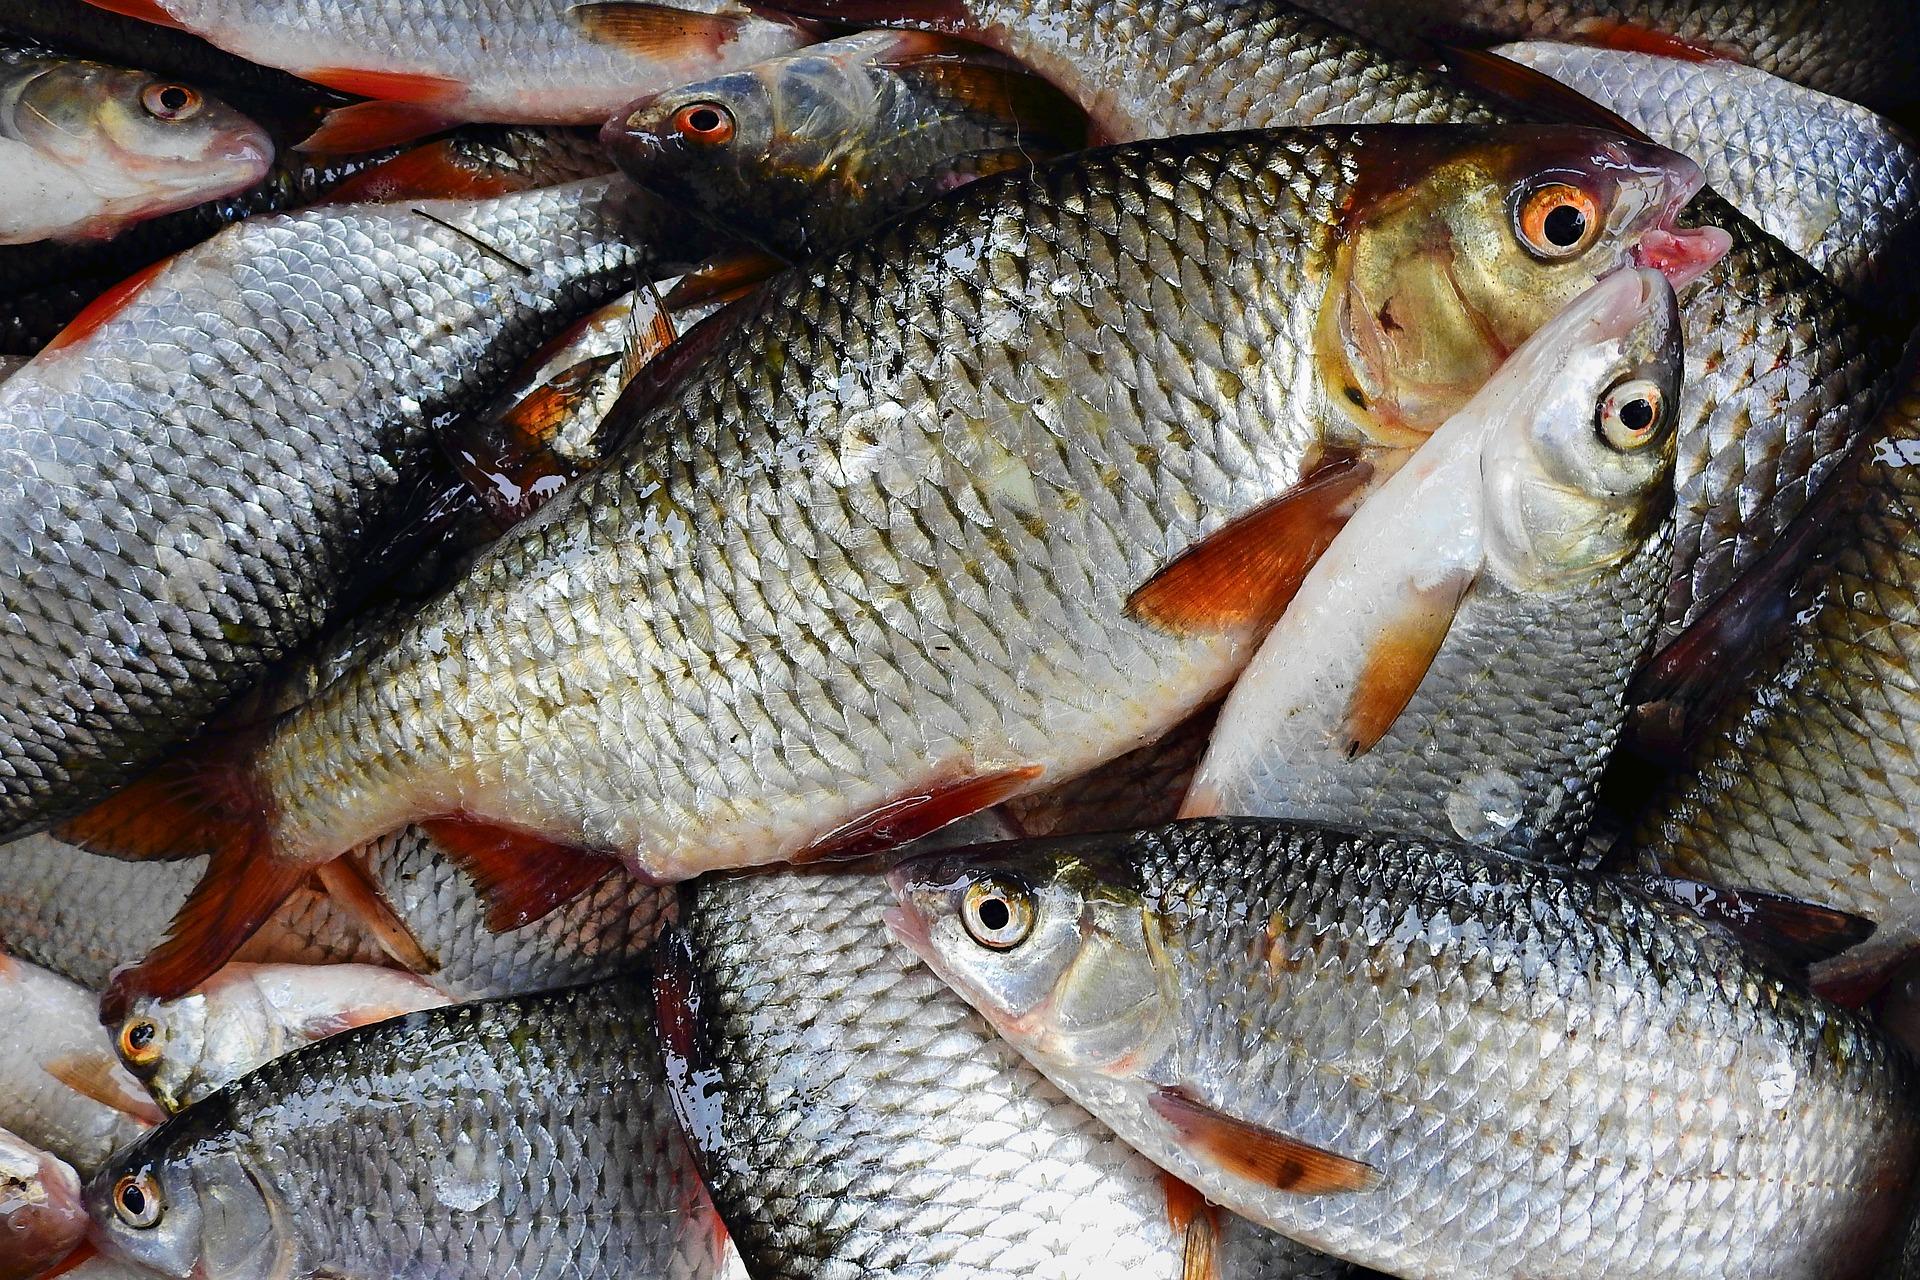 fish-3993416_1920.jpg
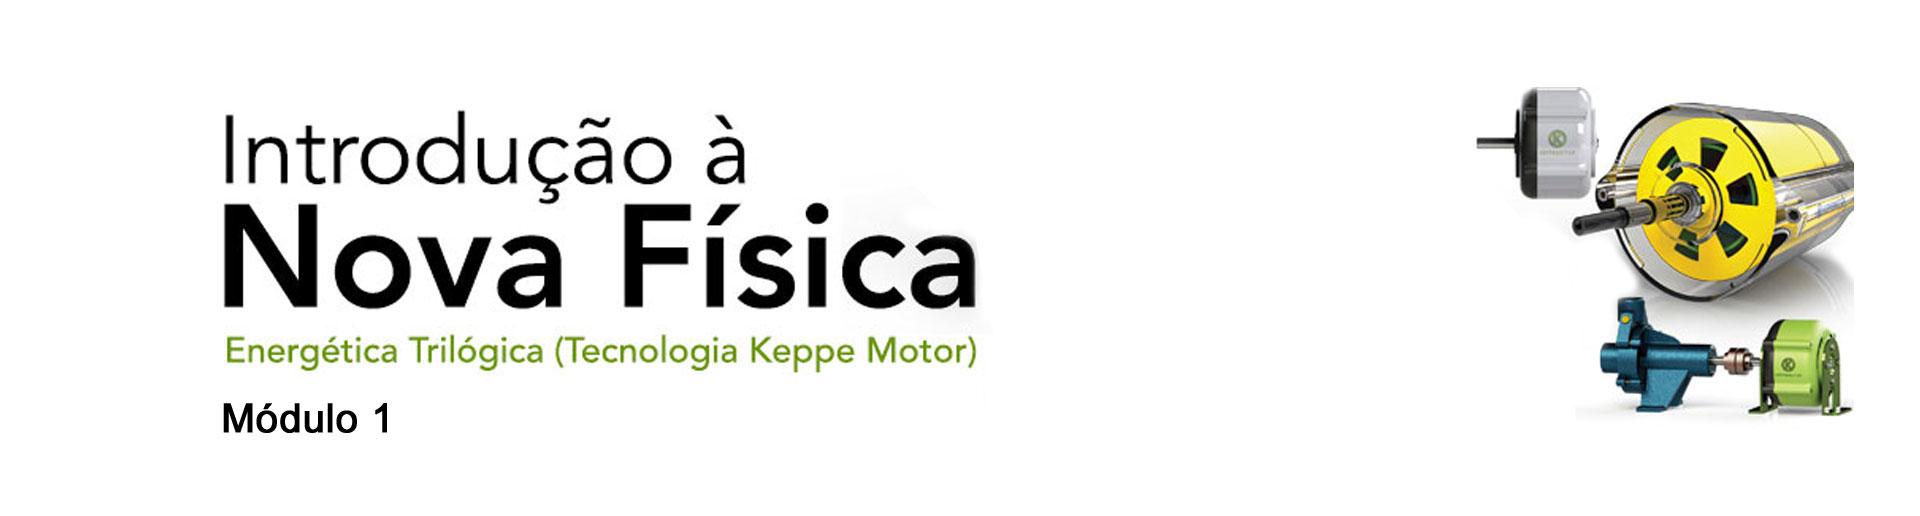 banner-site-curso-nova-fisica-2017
---
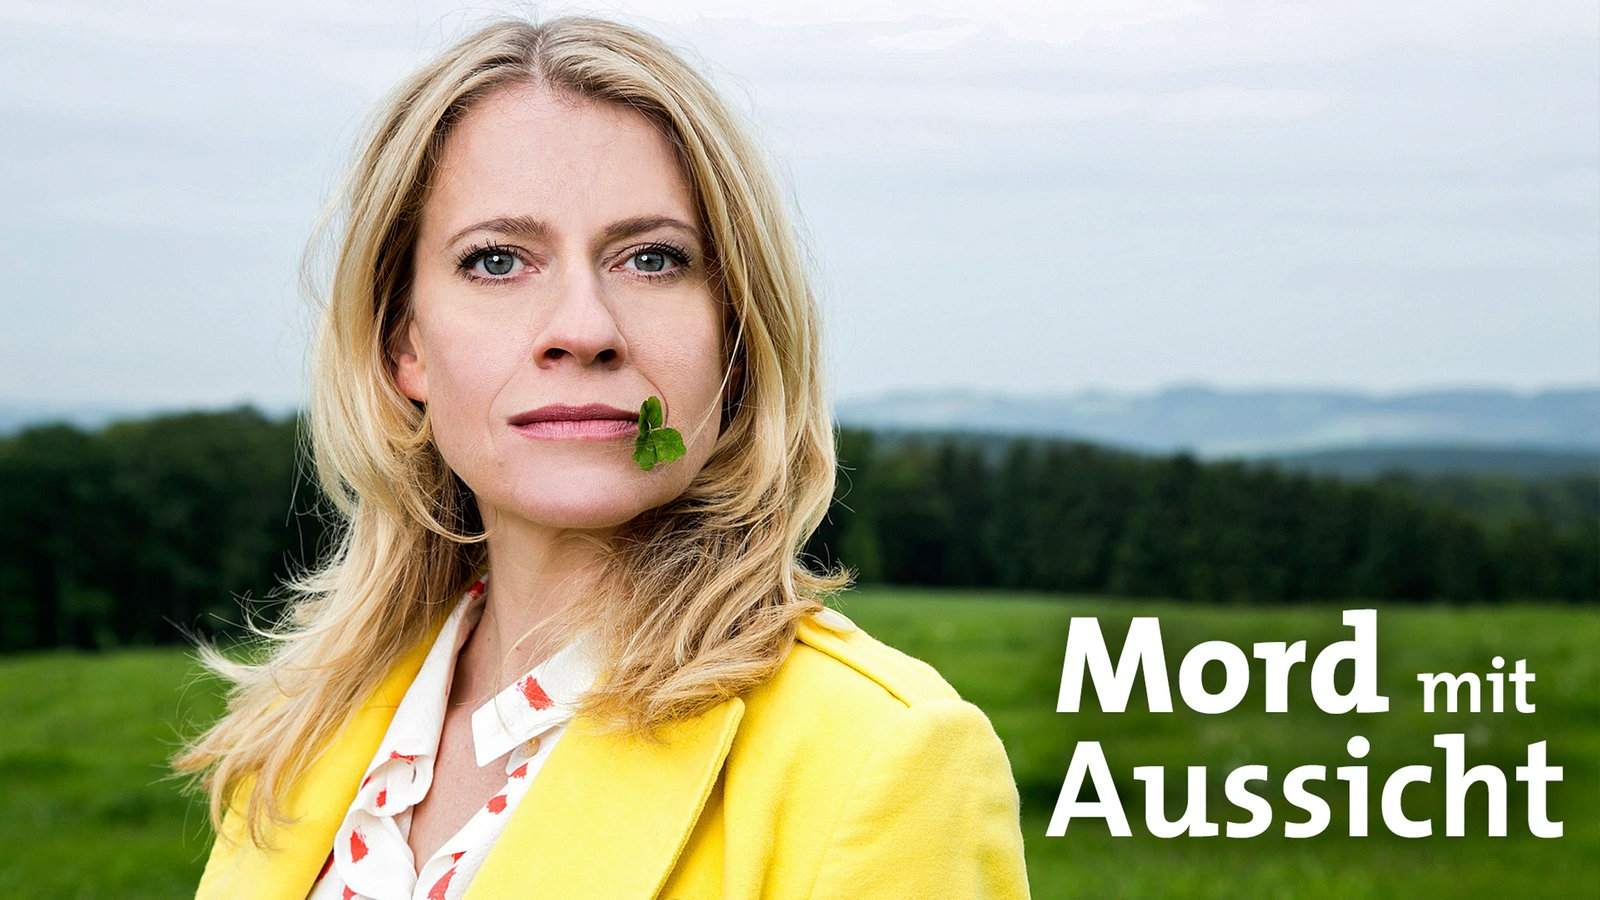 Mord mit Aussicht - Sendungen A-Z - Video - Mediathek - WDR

(EXERCISE INSTRUCTIONS):
Above are entries with pictures among them. Write out exactly the lines from the one containing "fish-3993416_1920.jpg" through the one containing "banner-site-curso-nova-fisica-2017", ends included, and leave those pictures out.

(ANSWER AREA):
 fish-3993416_1920.jpg
 banner-site-curso-nova-fisica-2017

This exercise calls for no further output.